After creating this page, you could use https://fz-juelich.de/iek/iek-123/data/our_data.html#rAs1d1 as a storage location URL (see that anchor?). Obviously, this is not a very good URL when compared to the criteria above. You really should think about using asset management systems if you have more than a handful of items.

Curators Guide to Data URLs¶

Decentralized data managers (DDM) of the institutes can configure their dataverses to fullfil the requirements of their contributing researchers. Links to data might not be necessary everywhere.

You can also provide a default value in a template or even move the field to a community specific metadata schema, helping scientists to insert links more easily. Please get in touch in case of questions.

Mandatory Storage URL¶

By default and design, the data storage URL is optional in the core metadata schema of Forschungszentrum Jülich.

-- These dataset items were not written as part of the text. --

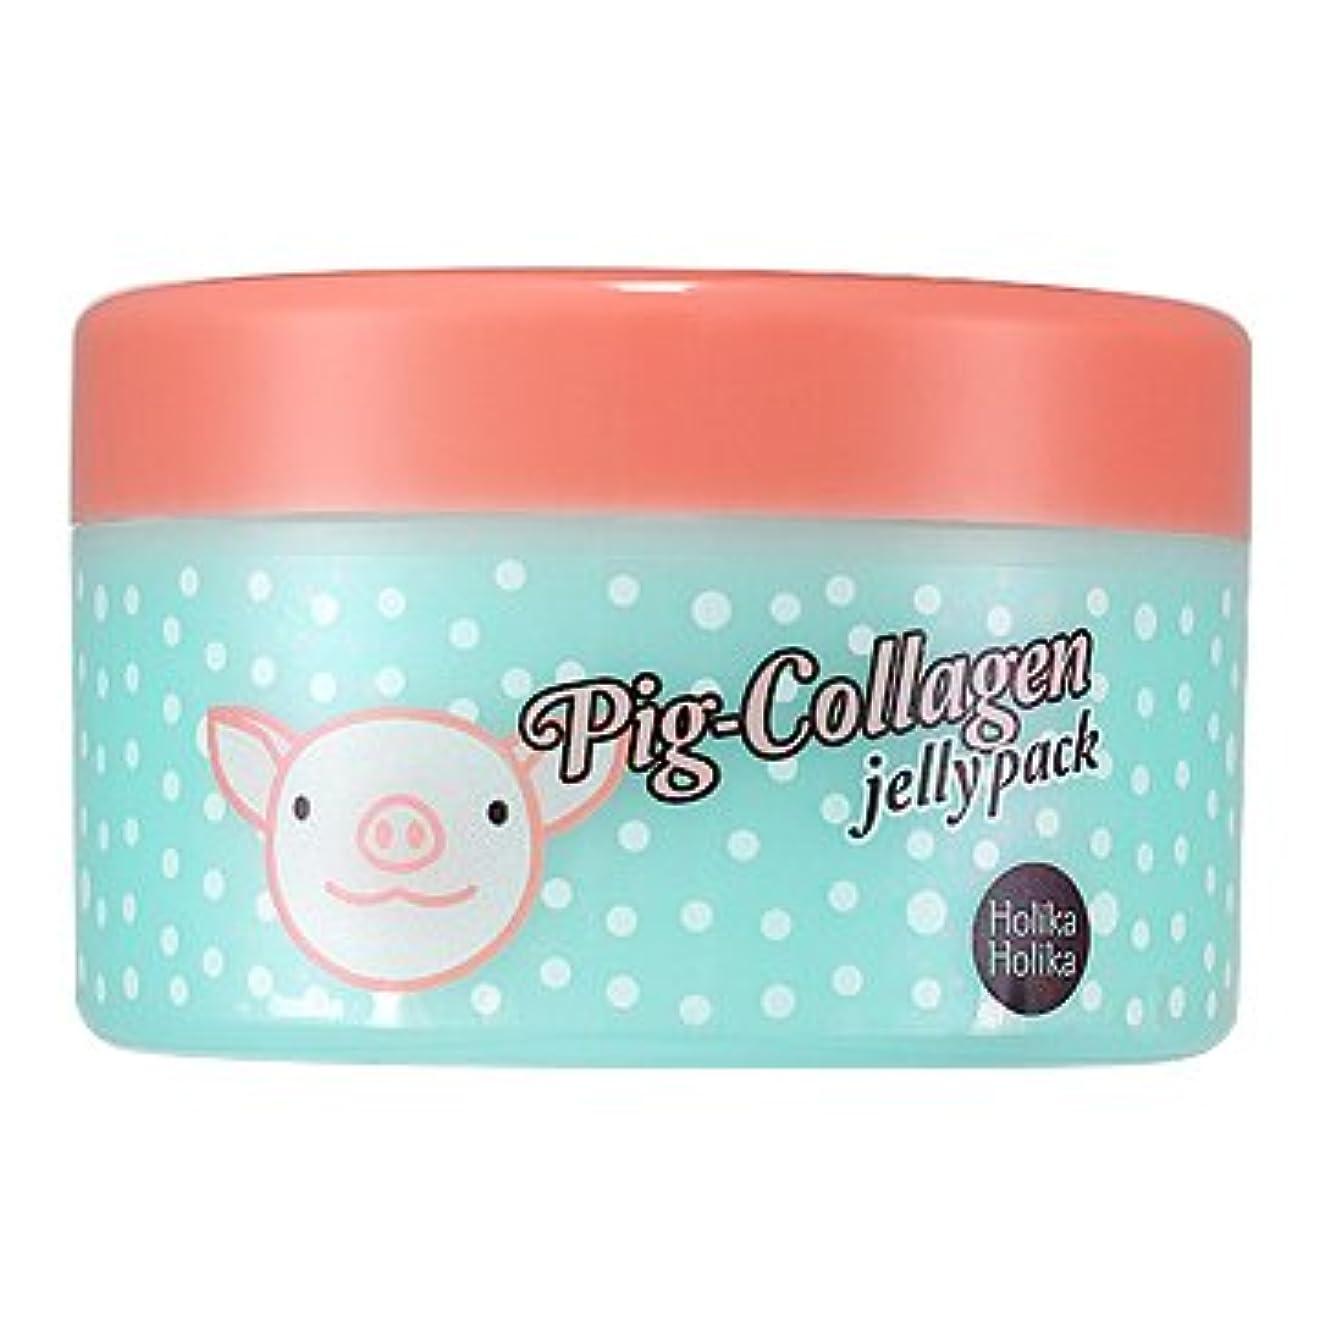 遺体安置所ねばねば主にホリカホリカ ピッグコラーゲンジェリーパック(リンクルケア) / HolikaHolika Pig Collagen Jelly Pack 80g [並行輸入品]
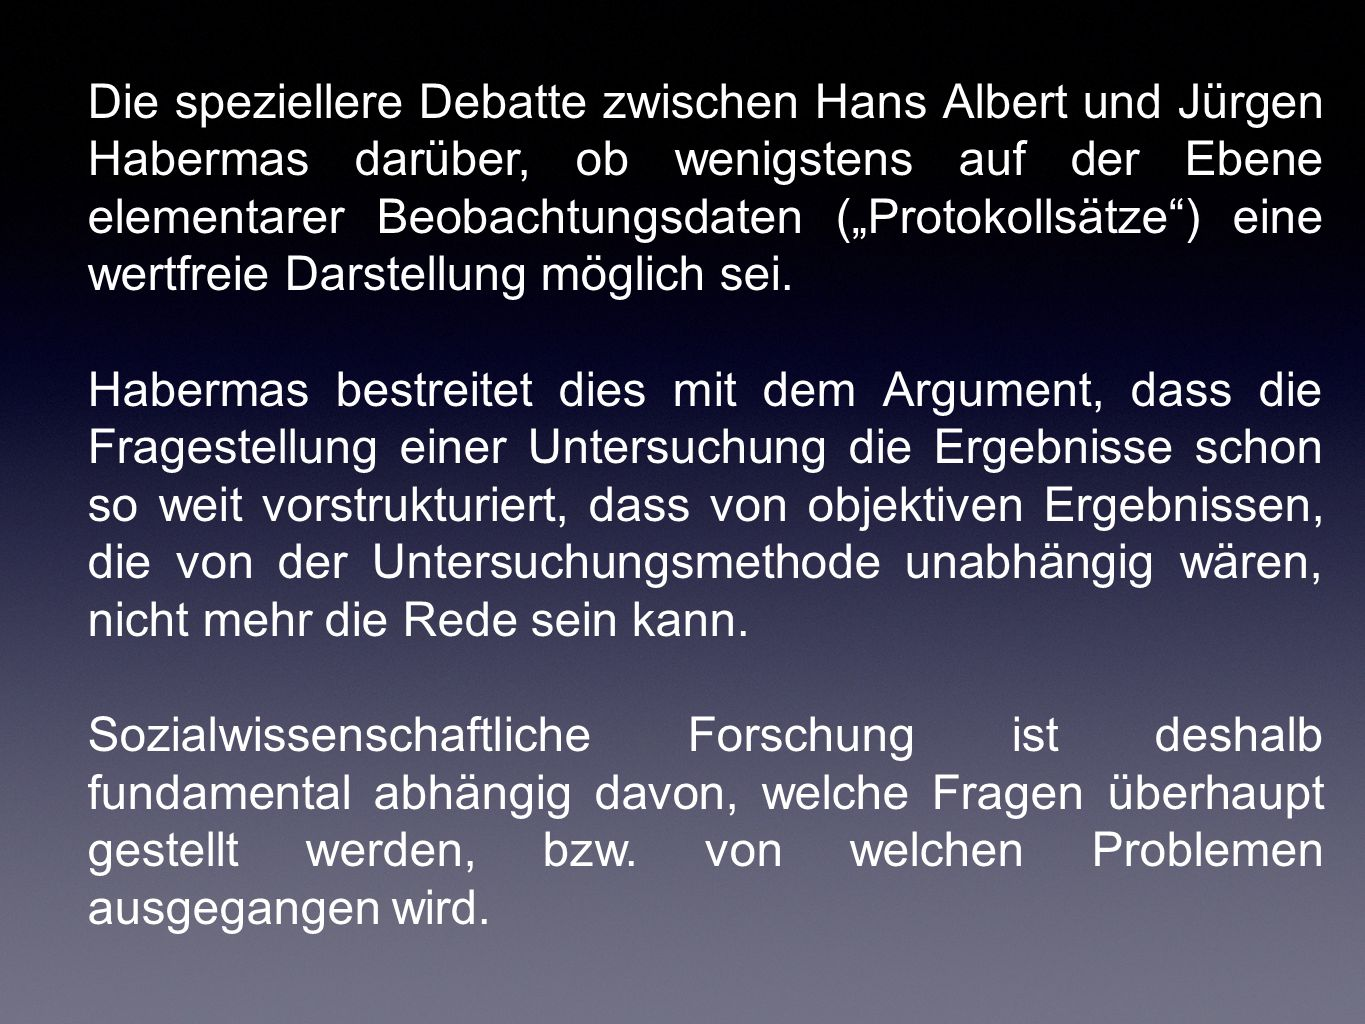 Erkenntnis und Interesse (Habermas) Wenn die Fragestellung und die Ergebnisse von Forschung immer von der zugrundegelegten Methode und Fragestellung abhängen, reicht es nicht, Theorien anhand von empirischer Forschung zu überprüfen.
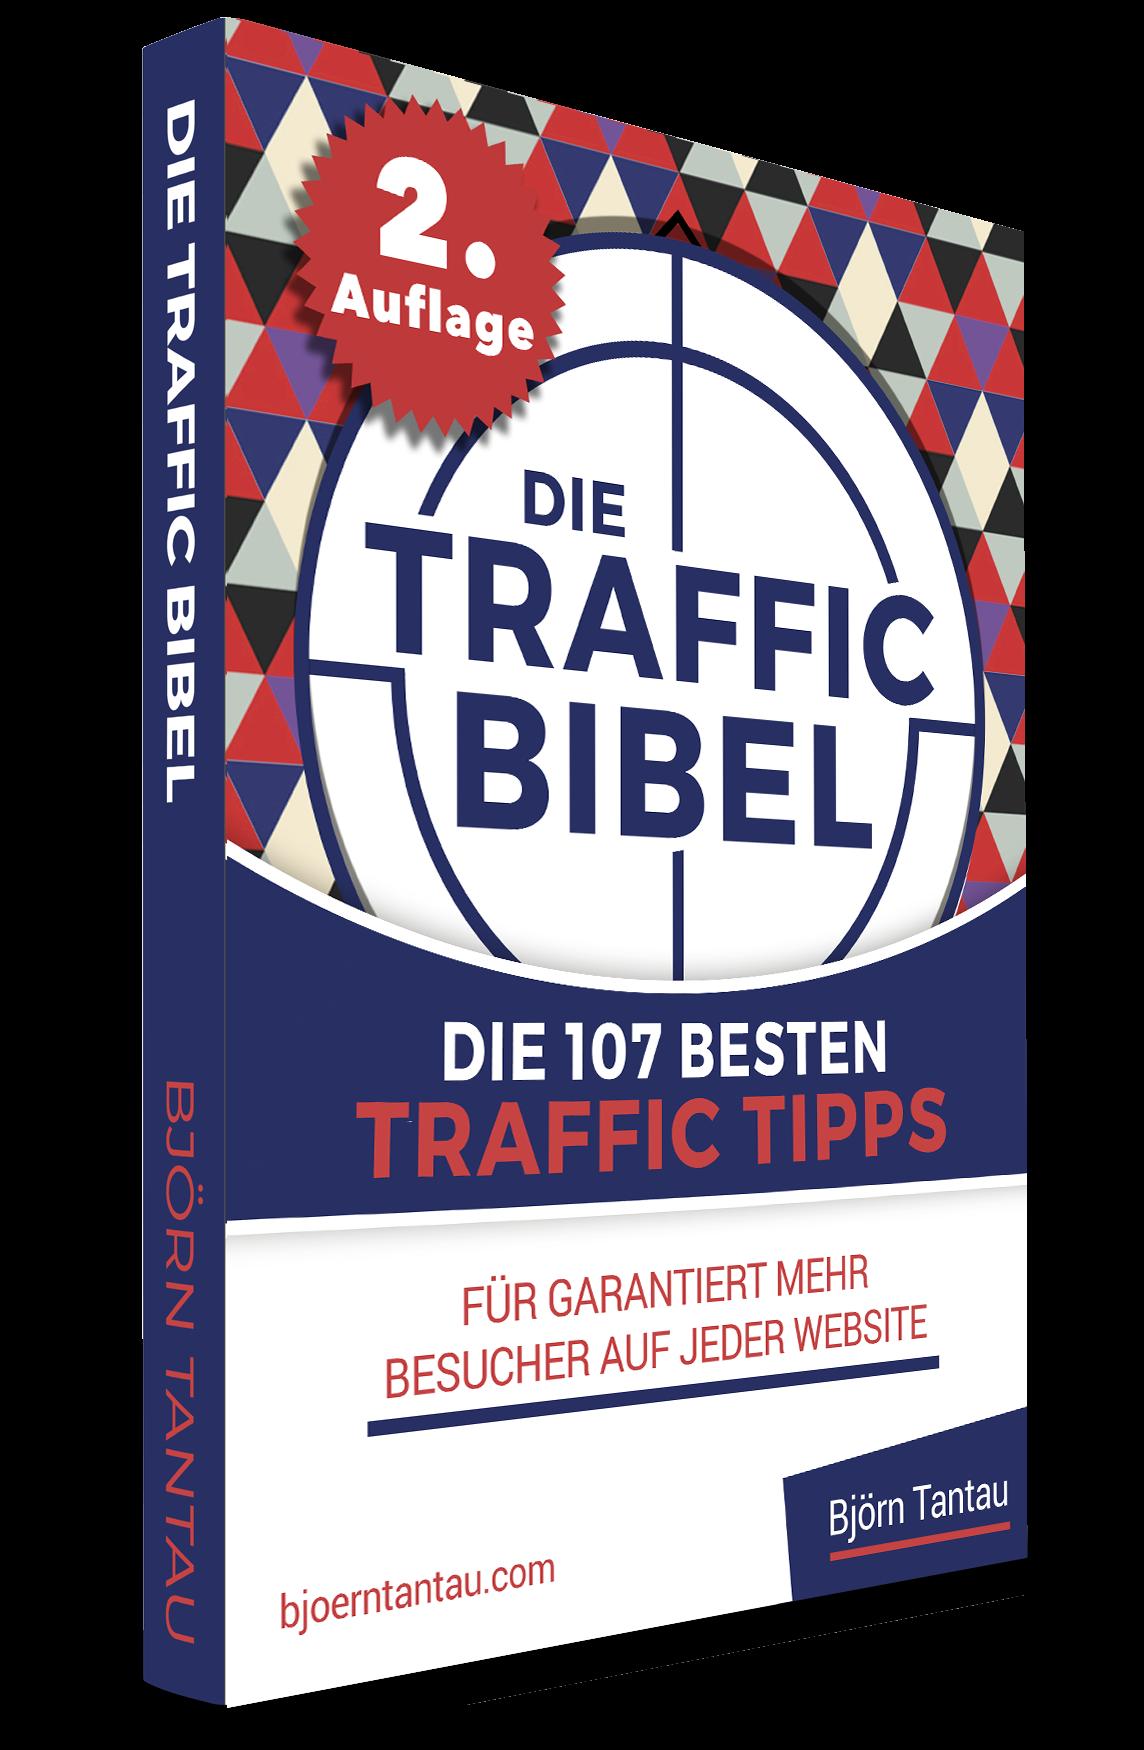 die-traffic-bibel
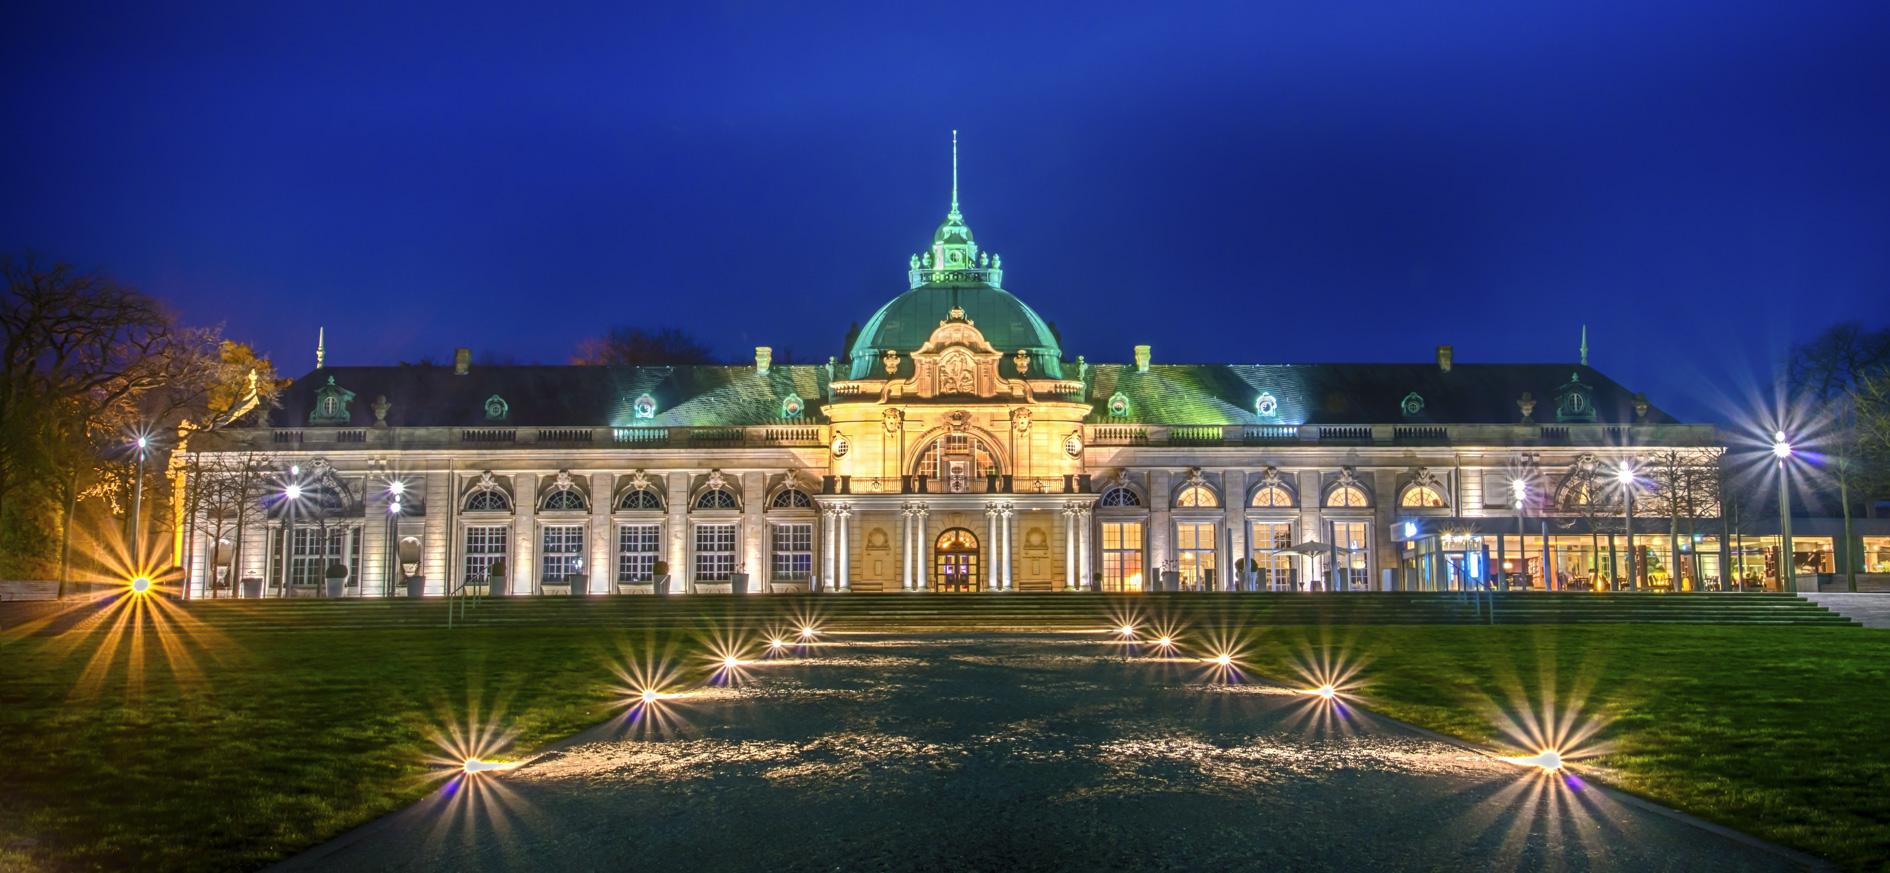 Offnungszeiten Casino Bad Oeynhausen

If you as a decentralized data manager (DDM) plan on using data linking for datasets in particular dataverses, you may configure the field as mandatory. To make datasets FAIR, we encourage you to have at least some usable references to data in any data publication.

To enable the field as mandatory, edit the dataverses “General Information” and change the metadata configuration.

Hint

Sub-Dataverses may override the setting both ways!

Linking vs Integrating¶

“Uniform Resource Locators” (URLs), more commonly known as “website address” or “link”, are prone to break and rott. Websites are moved, legacy systems tend to silently go away. The links to external storage have to be maintained for continued data quality and reuse.

Instead of using links, a deeper integration between data storages in institutes and Jülich DATA is achievable using multi location storage, enabled per dataverse. It will look like data is local to the repository, while it still resides in an institutional storage system. As of mid 2020, this is possible by using object storage.

Another option for a tighter integration between remote storage and Jülich DATA is by using a Trusted Remote Storage Agent. This is not production ready, but the community would love more use cases. For the recent status of TRSA, in June 2020, see this presentation: https://youtu.be/LHyiA3JeiwE?t=1485

Please reach out for more information and details.

Relaxing Link Practices¶

As outlined above, it will relax a curator’s mind if storage location URLs are as persistent as possible. Storing data in places writeable by anyone at any given time is prone to failure for long term accessibility of data.

Ideally all data from the scientific output should be write-once or at least should be switched into this mode, once it starts “cooling down” (less frequent access, research done, …).

Of course any storage that contains data which is part of a data publication, needs to fullfil the requirements of being kept for 10+ years (good scientific practice).

Depending on usage scenarios, it might be easier to create bundles of data files like using a ZIP/TAR/… archive and link to it. Please keep in mind that you should describe all data in detail, where standards like BagIt, ro-crate (Research Object Crate) are extremly helpful.

ro-crates don’t have to be compressed and may exist as a folder. Pointing the storage location URL to the ro-crate-metadata.jsonld file is a good idea and reduce vastly the amount of work to link to the data.

Standards like Oxford Common File Layout even allow the creation of repository-like data infrastructures.

For physical media, you should target building an asset management system and plan ahead with people’s worktime to maintain the vault.